I think it is perfectly valid to accept Unicode characters at the command 
line, un-escaped.

> Incedentally appending the #ref fragment to the filename is indeed what we do
> as of 0.7.1.

Which I'd call an acceptable kludge.

:
:
> > Note, however, that doing:
> > 
> > URL url = new URL("http://server/directory/file stuff.txt");
> > URI uri = new URI(url.toExternalForm());
> > 
> > throws:
> > 
> > java.net.URISyntaxException: Illegal character in path at index 28:
> > http://server/directory/file stuff.txt
> > 	at java.net.URI$Parser.fail(URI.java:2701)
> > 	at java.net.URI$Parser.checkChars(URI.java:2872)
> > 	at java.net.URI$Parser.parseHierarchical(URI.java:2956)
> > 	at java.net.URI$Parser.parse(URI.java:2904)
> > 	at java.net.URI.<init>(URI.java:565)
> > 
> This is a good example. So they chose not to escape them and they don't
> even have the problems we're facing. This suggests they weighed
> transcribability over syntactic correctness.

I don't follow your argument there.  What is it you are trying to say?
Sorry, I'm being dense, I guess.

Looking at that example, however, I agree with the exception.  The space
is an illegal character.  It is also a transcription problem, since spaces
are difficult to convey properly in handwriting.  They also cause trouble
with word wrap in e'mail and such.  That's why the RFC warns against them.

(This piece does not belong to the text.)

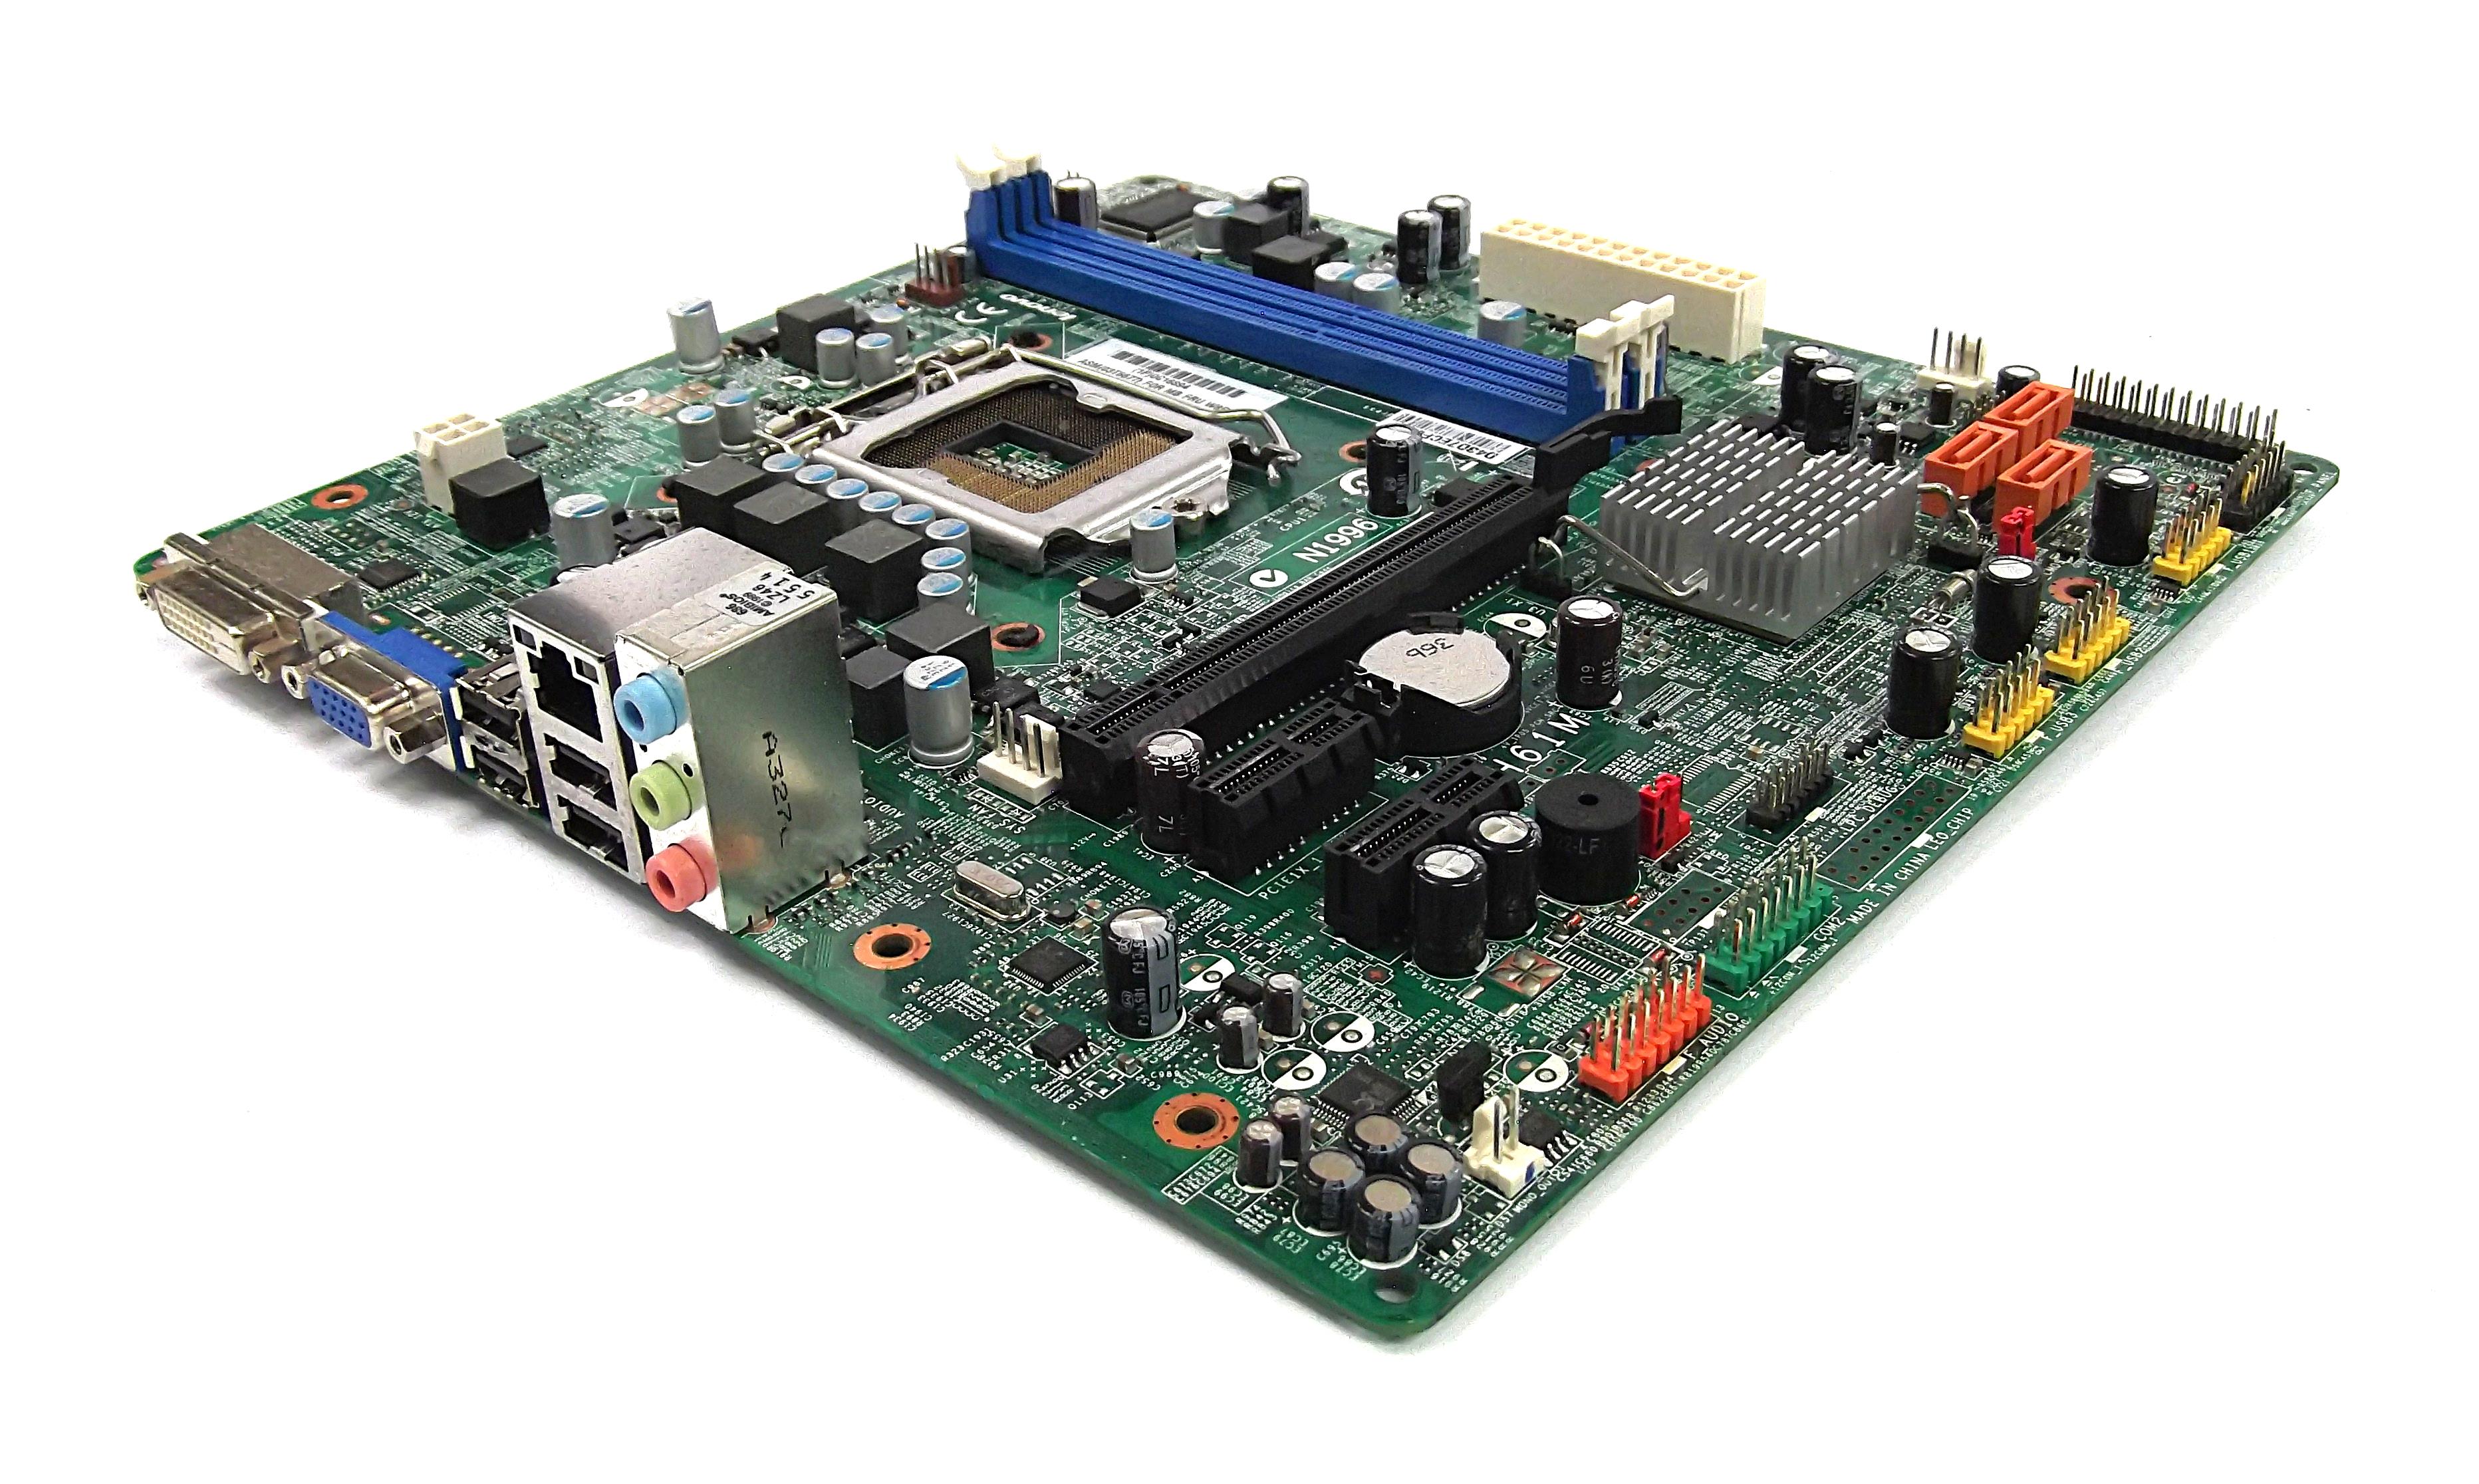 Lenovo 03T6677 ThinkCentre Edge72 Socket 1155 Motherboard IH61M VER:4.2

So, I would say that the above example is an argument in favor of both 
transcribability and correct syntax.

> Unless someone points out a fatal flaw in not escaping these path components
> or someone comes up with a very clever solution, I think we should just wait
> to see how the current code performs. And if we do decide to escape these
> URLs it's not going to be easy. If non-Latin1 characters are convered to
> UTF-8 that's not going to be compliant either I'm afraid. RFC 2396 doesn't
> support Unicode.

The fatal flaw is that it is not valid URL syntax.  Trying to be 'nice' to
users is one thing, but we shouldn't be 'breaking' URL syntax to do it.  
Besides, people (especially those who might use jCIFS as the toolkit to
build their killer application) will expect to be able to hand in a valid
URL with the smb:// prefix and get expected results.

Some folks (probably not the other early implementors like Apple and
Thursby, but some folks...) are likely to look at jCIFS as the reference
implementation.

...and here's something else that confuses me.  It seems you're arguing in
favor of avoiding the escapes for the sake of user convenience (whack me
on the head if'n I'm misinterpreting that), but at the same time, the
current code is pedantic, in places, about the trailing slash '/'.  
People forget the trailing slash all the time.

Anyway, going back to Eric's statement:

> > The draft should reflect conformance to existing generic URL specifications.

Must do, or it's not a URL.  :)

> > jCIFS should accept all SMB URLs which conform to the draft.

Must do, or it's not a complete implementation.

> > jCIFS MAY accept SMB URLs which do not conform to the draft, but are
> > "reasonably" broken.

...provided that doing so doesn't break anything else.  Lots of 
applications try to be helpful.  Netscape, Mozilla, etc...

> > In an ideal world, jCIFS would be able to output a conformant URL given an
> > accepted but nonconformant input (for compatibility with other agents).

That would be a very nice feature, yes.

I just tested this with Mozilla, by the way, and (in my test case) Mozilla 
*did* replace a space in a file name with %20.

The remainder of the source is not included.